Shoe-throwing scribe honoured by Sikhs in Canada

  • IANS, New Delhi
  • |
  • Updated: Nov 06, 2009 15:18 IST

Jarnail Singh, the Sikh journalist who hurled his shoe at Home Minister P Chidambaram at a press conference to protest the injustice meted out to the victims of 1984 anti-Sikh riots, has been conferred an award by the community in Canada.

Set to release his book I Accused... on the anti-Sikh riots, Singh has been making appearances in various gatherings after being asked to resign from Dainik Jagran, the Hindi daily he worked for.

Recently, he was in Canada where he was awarded the "Lion of Delhi" award at the Spinning Wheels film festival, where films related to Sikhs are screened.

"I have been called to lots of gatherings. I led a candlelight vigil at Vancouver, on the 25th anniversary of the anti-Sikh riots. I have been speaking to many people across the country, in Indore, Ludhiana, Saharanpur and Delhi to boost the quest for justice for the victims," Singh told IANS.

Categorically denying an intention to join any political party, Singh maintains that his aim was to shame the perpetrators of the 1984 pogrom.

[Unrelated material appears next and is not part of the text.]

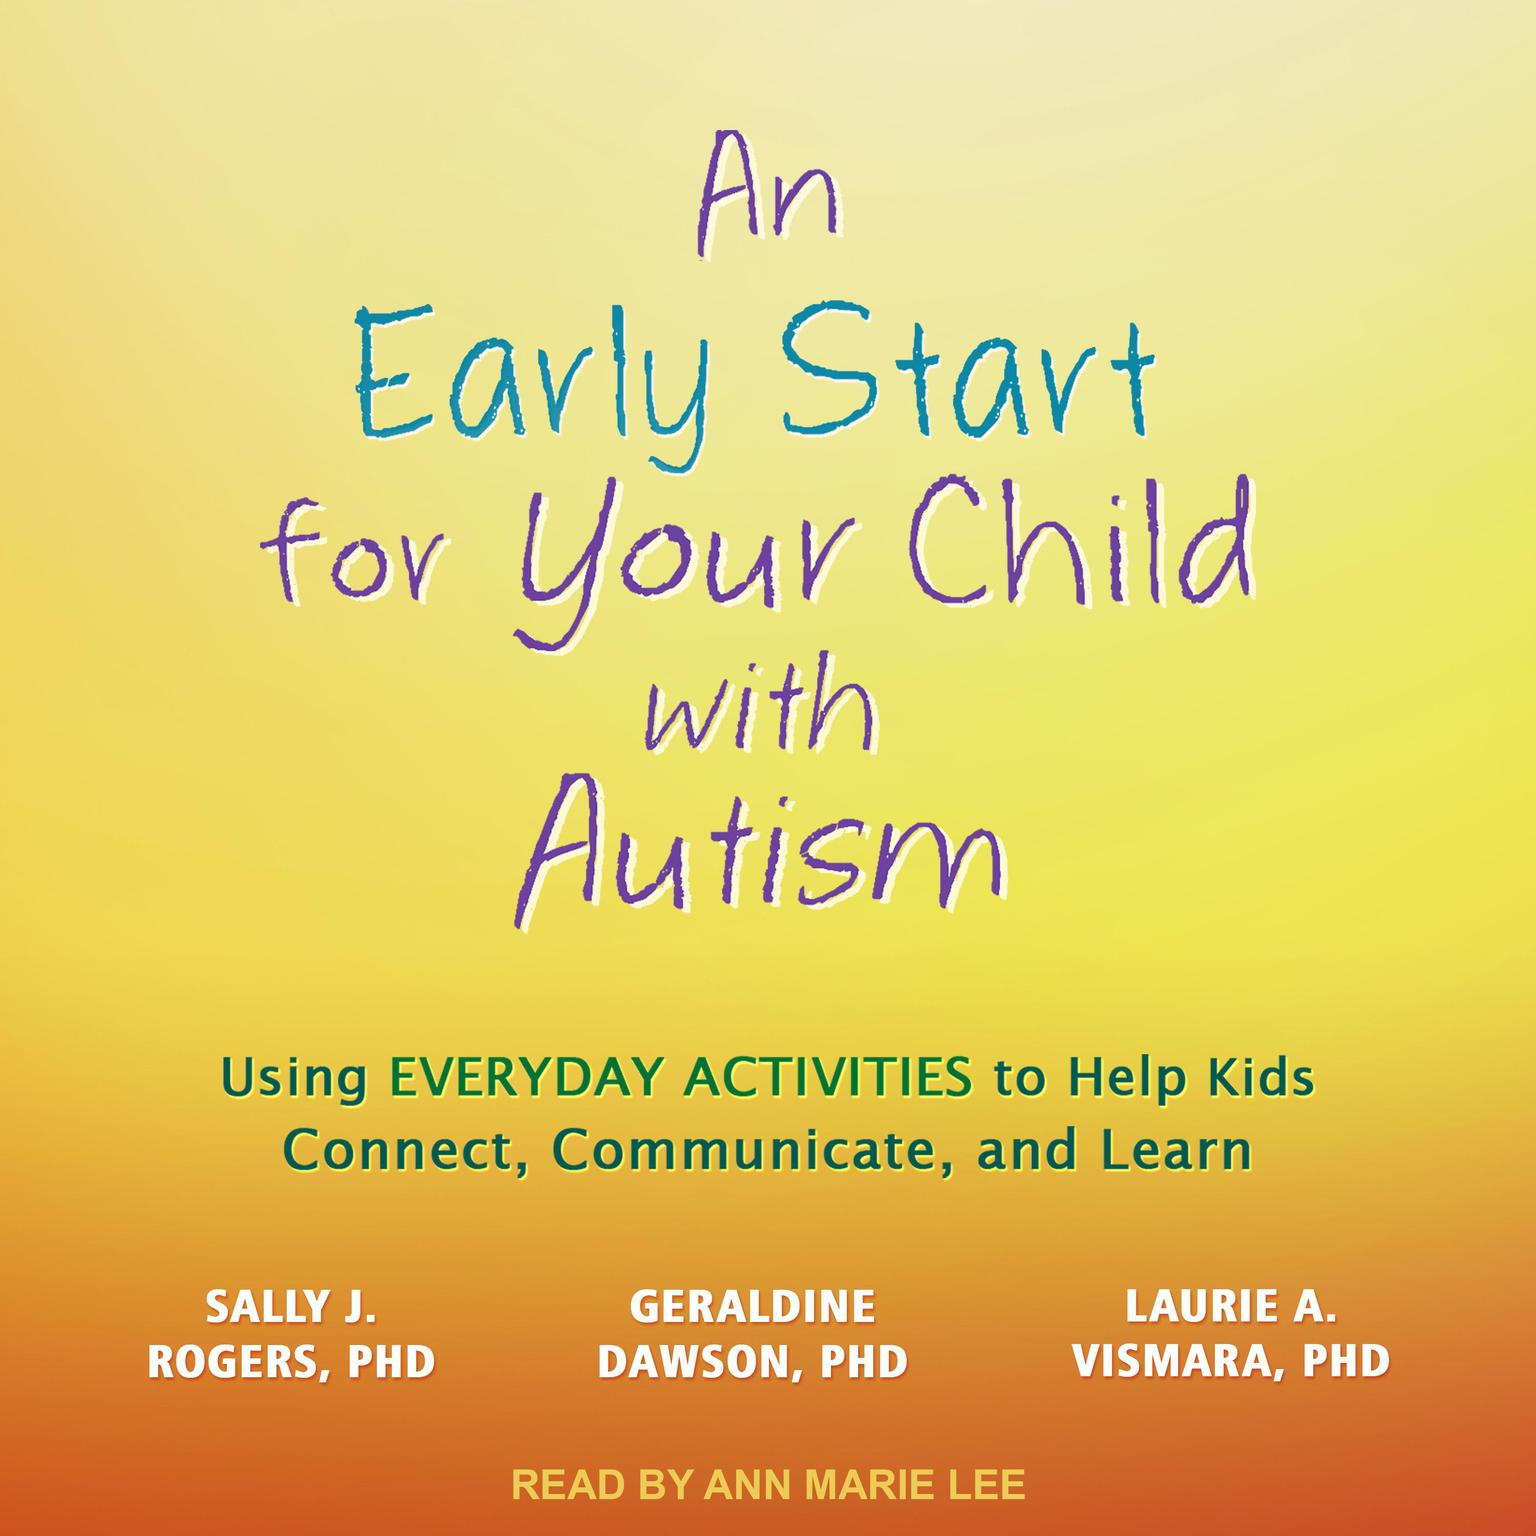 An Early Start for Your Child with Autism: Using Everyday Activities to Help Kids Connect, Communicate, and Learn Audiobook, by Sally J. Rogers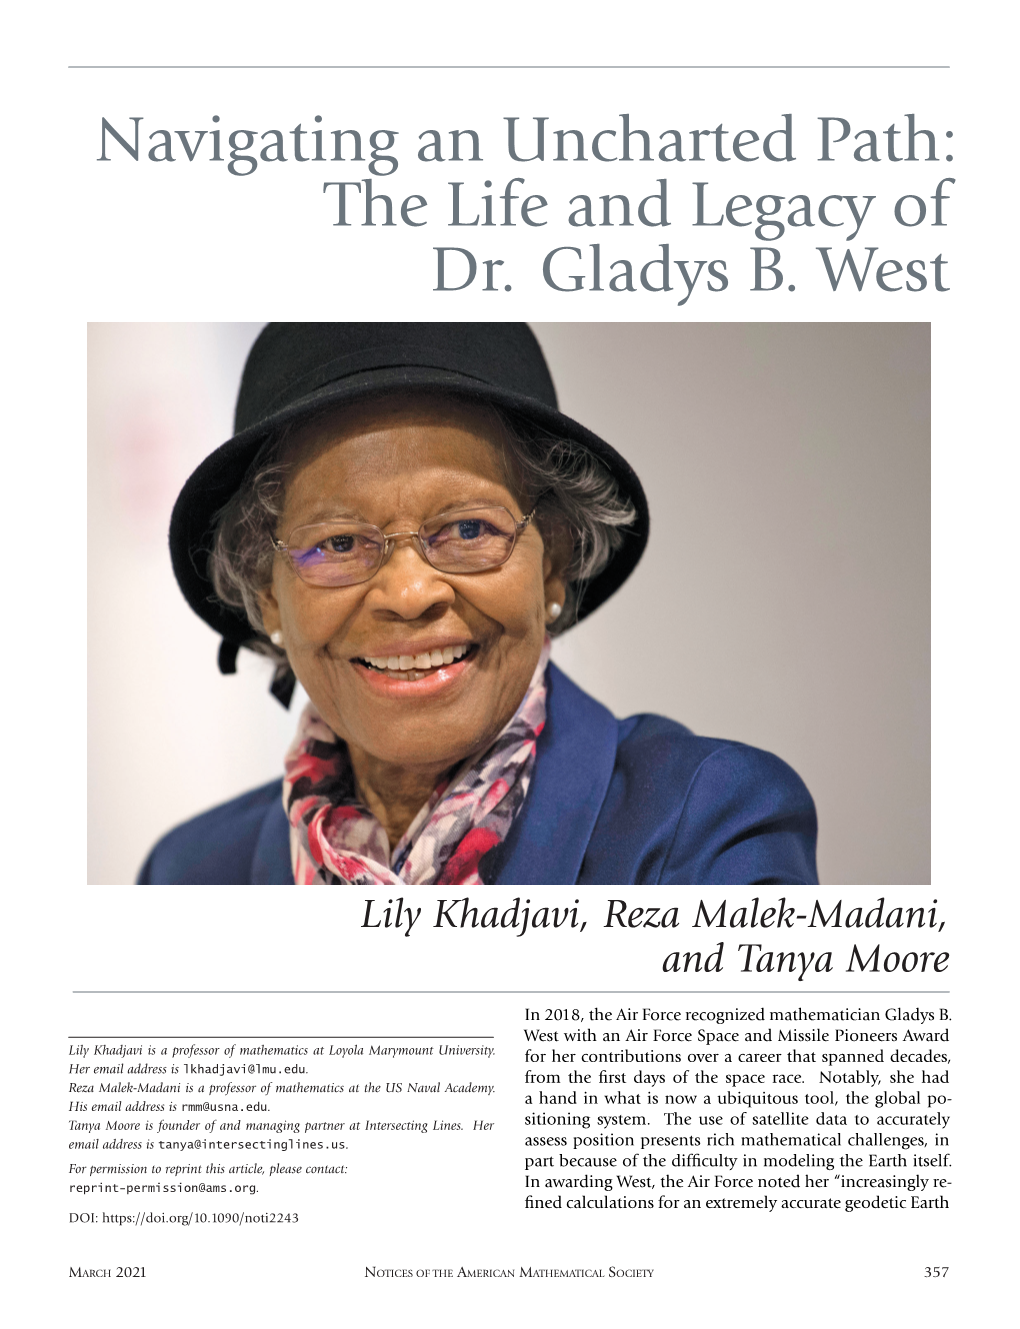 Navigating an Uncharted Path: the Life and Legacy of Dr. Gladys B. West

"My book will shame those culprits. Politically they have been punished for their crimes but there should not be any let up in the cases against them. If moral pressure increases, the cases may be taken to their logical conclusion.

"My aim is to create a positive environment for the trials. If media covers the issue, the witnesses may come forward to speak, they may get protection," Singh said.

He said the past few months have been painful, without any livelihood, and he has been going to meet the victims and witnesses of the 1984 carnage.

He says that his action of throwing a shoe at Chidambaram was wrong, but the issue was important.

Dissatisfied with Chidambaram's response over the Central Bureau of Investigation's clean chit to Congress leaders Jagdish Tytler and Sajjan Kumar, Singh had hurled a shoe at the minister during a press conference here on April 7, 2009.

Immediately after the incident, Singh told IANS: "I just wanted to ask (Chidambaram) how he can be happy when one whole community is in deep anguish... I do not think it (what I did) is the right way but the issue (1984 Sikh riots) is right."

The incident sparked widespread protests by the Sikh community against Congress, costing Tytler and Kumar their election tickets. While Chidambaram refused to file a case against Singh, Dainik Jagran asked him to resign.